Note that a directory is recorded the same way as a file, the only difference being the specific file attribute and a filesize of 0x00000000.

When a file/directory is erased, its content is not immediately removed from the filesystem. Instead, the first character of its name is changed to 0xE5, so the system knows it can overwrite the data in the related clusters in a later write action.

To be able to store file/directory with a name longer than 8 bytes and an extended character set, the LFN (Long File Name) format was introduced but is not relevant for this blogpost. Anyway, for backward compatibility, a LFN entry will also have its SFN one.

Data Area

The remaining clusters are located in the Data Area to store all other file or directory entries.

FAT file carving

Based on the previous characteristics shown of the FAT filesystem, two main approaches were available to recover deleted files.

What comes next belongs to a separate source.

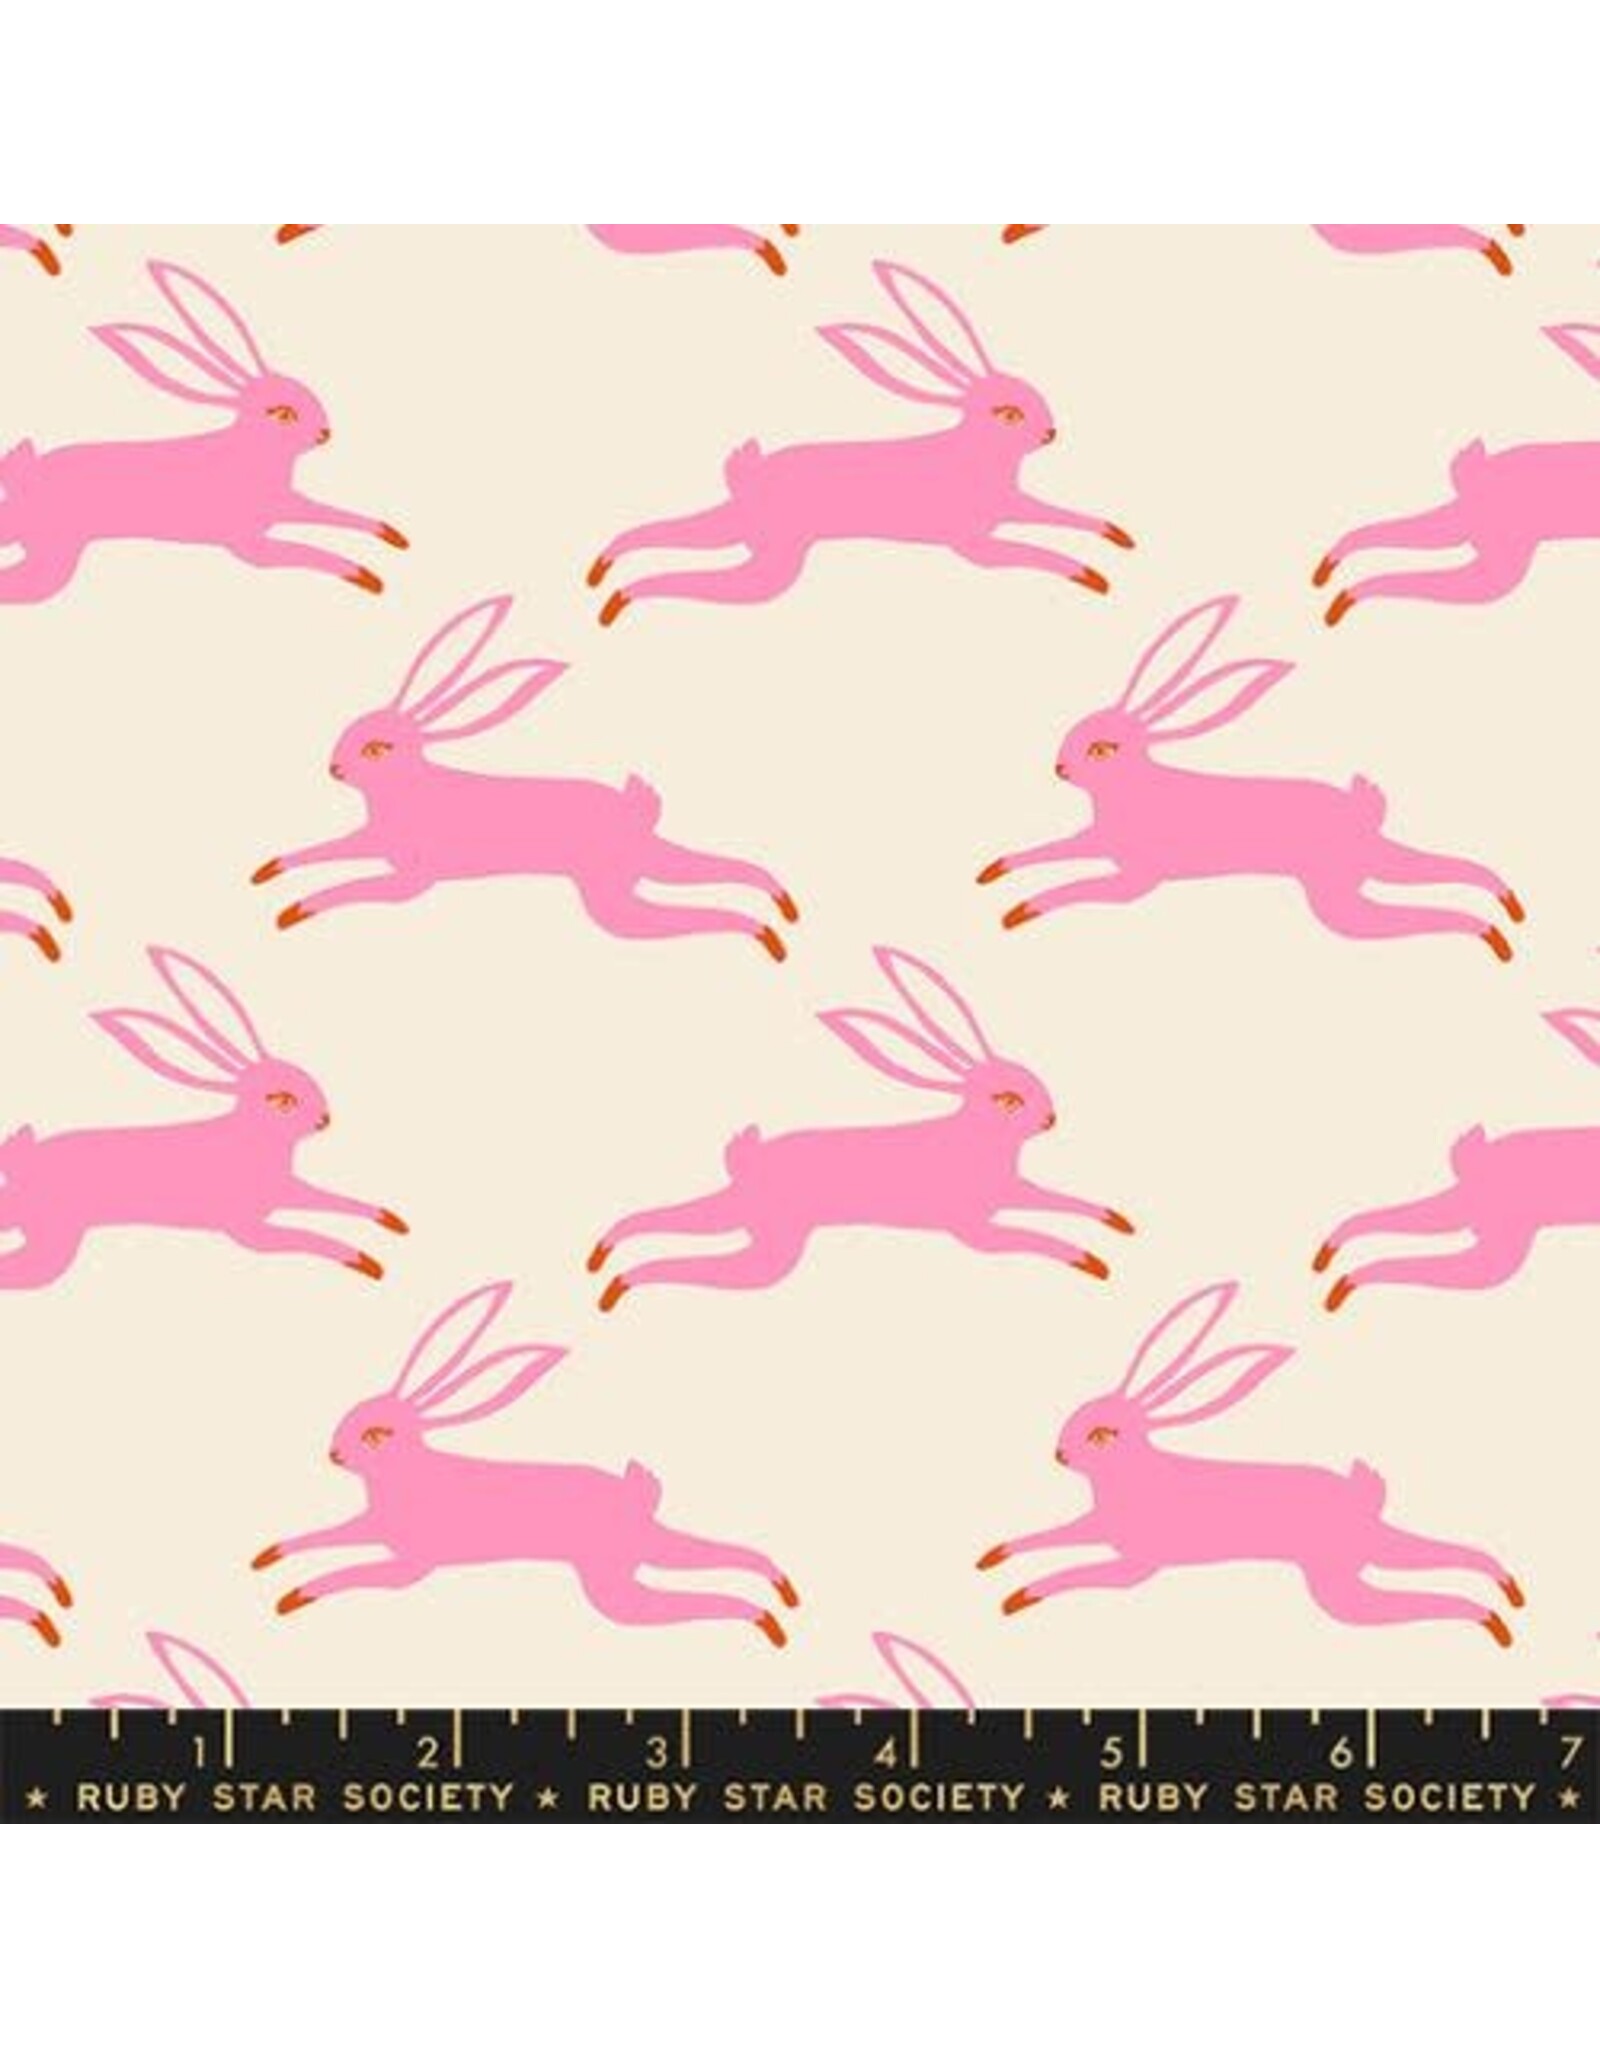 Ruby Star Society Sarah Watts - Backyard - Bunny Run Flamingo - RS208711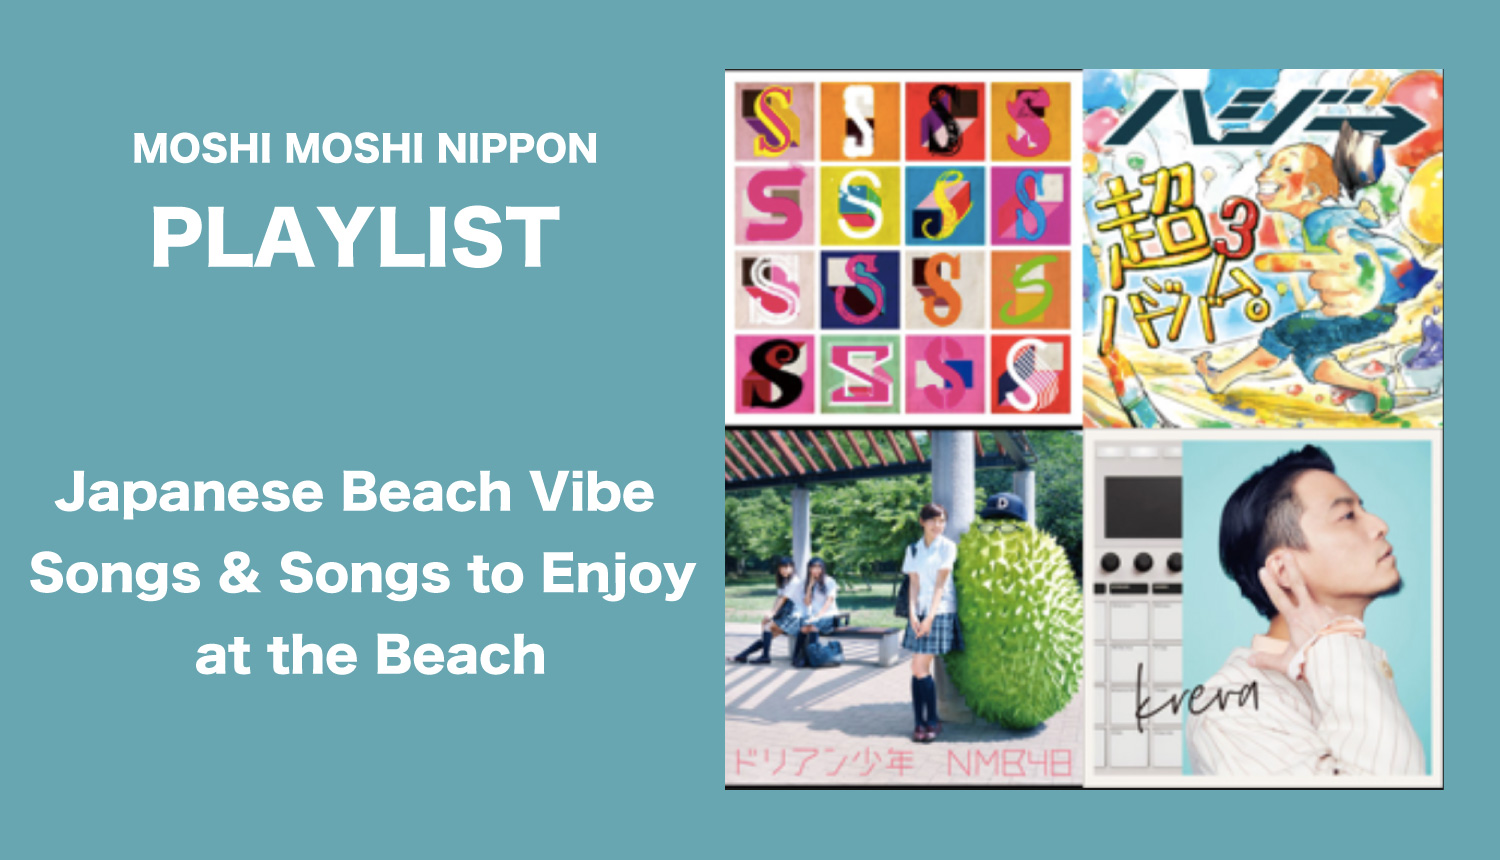 Joe Hisaishi Announces New Album 'Songs Of Hope

The first one is to look for Directory Entry starting with 0xE5, meaning an erased file that has not yet been overwritten.

The second one is to look into the File Allocation Table for linked entries that are not related to any available Directory Entry.

In our case, both approaches gave no result, even if we were able to find a lot of unmapped clusters that seemed to contain data. So how could we clearly identify chunks of firmware stored in our filesystem?

Prologue to a recovery

If you have ever reverse-engineered an executable, you must be aware of the prologue and epilogue concepts. To prepare the stack and save previous variables/registers, the compiler generates them for each function.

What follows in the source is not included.